Hello, I was trying to extend the metadata model: ...
# advice-metadata-modeling
a
Hello, I was trying to extend the metadata model: trying to add a new entity. This is where I am getting stuck-
Copy code
FAILURE: Build failed with an exception.

* What went wrong:
Execution failed for task ':metadata-models:generateAvroSchema'.
> Process 'command '/usr/lib/jvm/java-8-openjdk-amd64/bin/java'' finished with non-zero exit value 1

* Try:
Run with --info or --debug option to get more log output. Run with --scan to get full insights.
Can anyone kindly provide me any suggestions why this is happening and how I can resolve this? Thanks.
n
this usually means that there is an error in your .pdl files I believe. Try and run
./gradlew :metadata-models:build --debug
it might give you more informations
a
Thanks for the suggestion. I see that I have made an error:
Copy code
15:08:43.856 [ERROR] [system.err] Exception in thread "main" java.lang.IllegalArgumentException: com.linkedin.testType.testTypeInfo has namespace that does not match file path '/home/ishtiaquemis1994/Desktop/datahub/metadata-models/src/main/pegasus/com/linkedin/rule/testTypeInfo.pdl'
I feel that I put the files in the right places. I am not exactly sure here what I am doing wrong. I took the DashboardInfo.pdl as my template.
I think I have solved the previous problem. There was a naming issue. But, now I am having a problem with this:
Copy code
16:04:55.817 [ERROR] [system.err] "ruleInfo" or "com.linkedin.metadata.aspect.testTypeInfo" cannot be resolved.
16:04:55.817 [ERROR] [system.err] 18,2: Type not found: testTypeInfo
I think I have made a mistake with the aspect file. I named it testType.pdl? Is this a naming issue? Or, there is any other mistake that I have made?
o
Are you able to share the PDL file and the location you have put it? You need to match the namespace at the top of the PDL file to the file path you have put it on. You also need to include imports for any custom types you include in the file. ex:
com/linkedin/dashboard/DashboardInfo.pdl
Copy code
namespace com.linkedin.dashboard

import com.linkedin.common.Time
...
The error you have looks like you have made an error with the field name "ruleInfo" in your custom type
a
Thanks. The build went through! But, every time I am trying the build, it is doing a whole lot other things too. Is there any way that I can only build the metadata type I defined, and not the other items?
o
As in you don't want to generate any of the base types, just your custom type? Or you just don't want to build other modules? You can run the specific gradle task you want to execute if you're okay with generating the base types, just want a faster build time. If you don't want the base types to be processed either there's not a way to do that without removing them or customizing the Pegasus gradle plugin, neither of which I would recommend.

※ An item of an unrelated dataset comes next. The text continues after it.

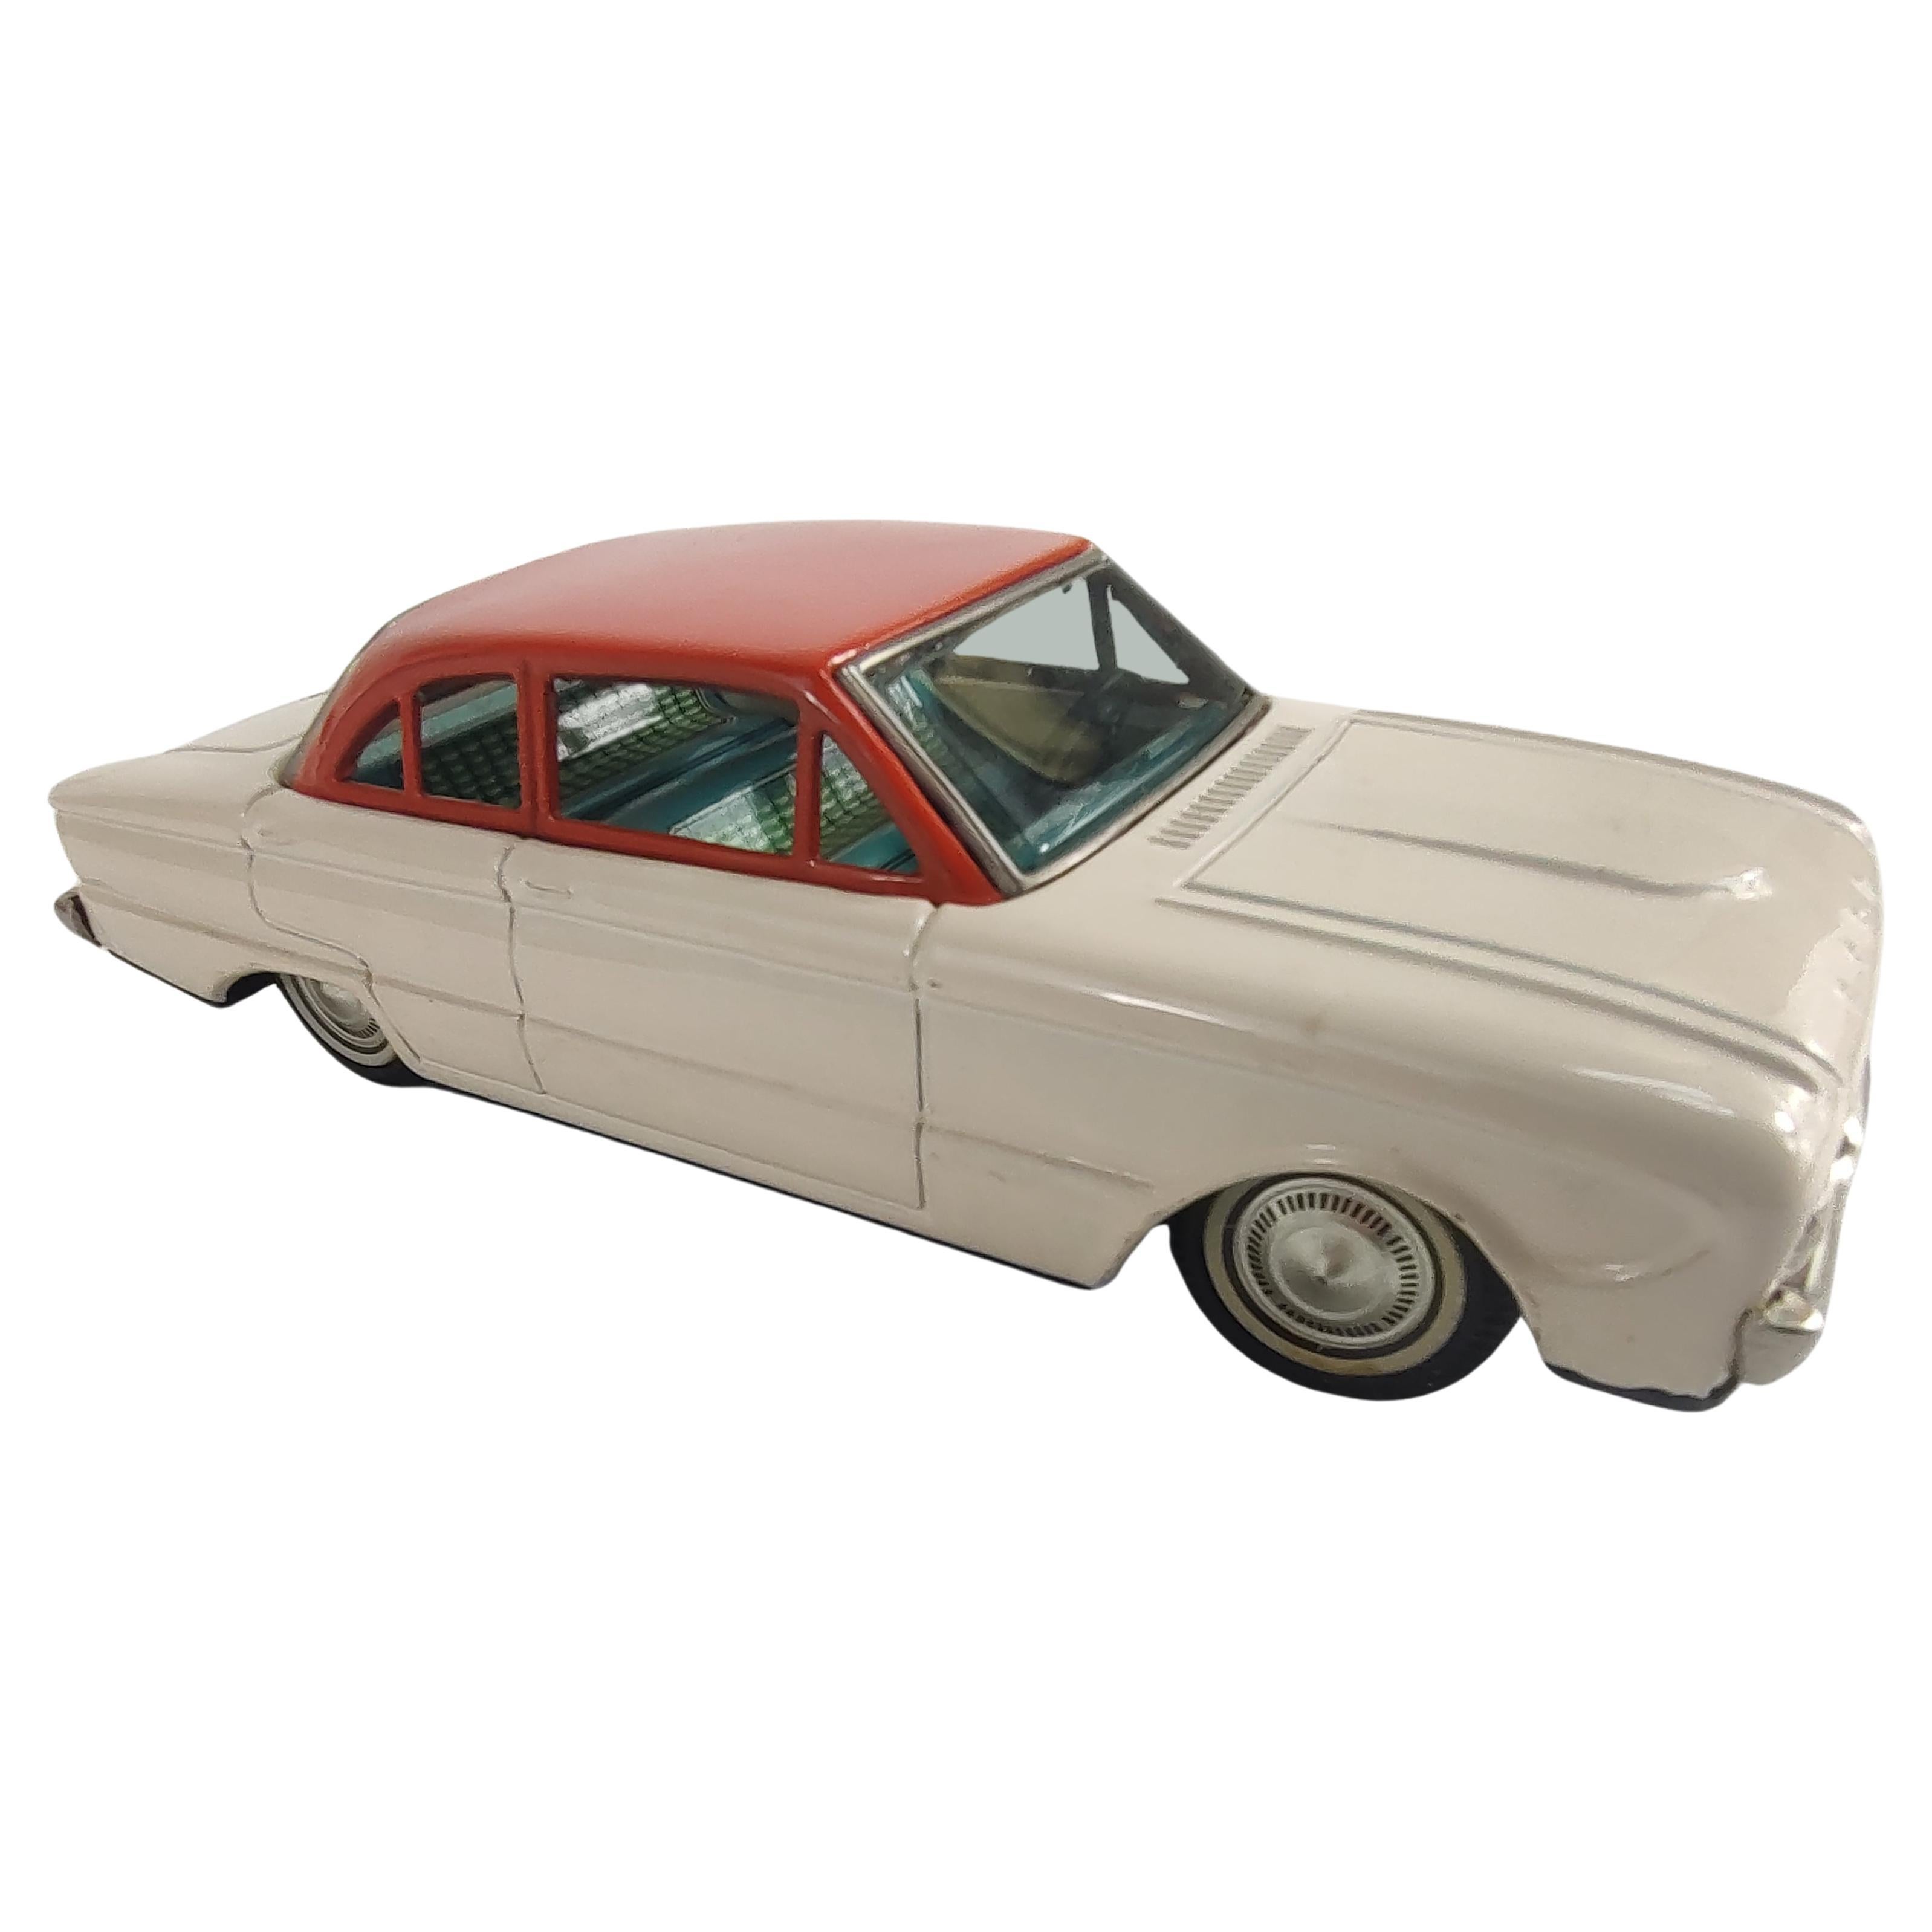 Industrial Mid Century Japanese Tin Litho Toy Car Ford Falcon Friction C1960 For Sale

The gradle tasks you can try to get a bit more specific:
./gradlew :metadata-models:build
./gradlew :metadata-models:generateDataTemplate
./gradlew :metadata-models:mainTranslateSchemas
or other tasks specific to the metadata-models module, if you open up the project in IntelliJ you can see a full list in the gradle sidepanel It just depends on what you want to actually execute
a
Thank you so much. Unfortunately, I have another problem. While creating the snapshot pdl file, I see this statement in chartSnapshot.pdl:
Copy code
import com.linkedin.common.ChartUrn
But when I go into the common directory, I don't see any file with the name chartUrn. The same with dashboard too. Why is that? Where should I, lets say, myMetadataUrn.pdl create? And, I don't have a template that I can follow.
To clarify, where the urn is defined, i.e., chartUrn, dashboardUrn etc.?
o
Those files get set up in the li-utils module, since that's a dependency of the metadata-models module they get pulled in.
As a sidenote, we've made some updates from how entities get set up. We are moving away from the Snapshot models that get used in the legacy MetadataChangeEvent & MetadataAuditEvent classes in favor of using the less static MetadataChangeProposal & MetadataChangeLog classes and entities should use the generic base Urn rather than an entity specific one. You can also set up an entity without using code using the entity-registry.yml: https://datahubproject.io/docs/metadata-models-custom/ New aspects still have to be defined in PDL however
a
The link says "Currently, this project only supports adding new aspects to existing entities. You cannot add new entities to the metadata model yet." But I need a new entity. So, I think I need to stick with the Legacy approach, right? Will the legacy approach be discontinued?
And, I cannot add a file in the li-utils directory. But, ingestion using API requires defining the snapshot, like
Copy code
curl '<http://localhost:8080/entities?action=ingest>' -X POST --data '{
   "entity":{
      "value":{
         "com.linkedin.metadata.snapshot.ChartSnapshot":{
And, to create the snapshot, if I understood correctly, I will need to define my custom type URN. What can be a solution to this?
o
We need to clean up some on these docs unfortunately 😞 . You can add a new entity through the entity-registry.yml without adding a snapshot, we have a few examples of this in the main entity-registry.yml file: https://github.com/linkedin/datahub/blob/master/metadata-models/src/main/resources/entity-registry.yml#L132 Legacy approach will be around at least for the immediate future, but in general we're not recommending people take that approach for extending the model going forward. We have a second set of endpoints that are what we use internally and recommend not using the snapshot based endpoints. I am actively working on getting an OpenAPI based documentation for the newer endpoints, right now they are still using Rest.li which makes traditional endpoint documentation difficult. See: https://github.com/linkedin/datahub/blob/master/metadata-ingestion/src/datahub/cli/cli_utils.py#L406 which is used by the
datahub put
CLI
a
Thanks for the suggestions. These have been pretty helpful. I have another request. Can you kindly provide an example of as Assertion ingestion using API? May be I will be able to re-purpose Assertion and fit it to my need.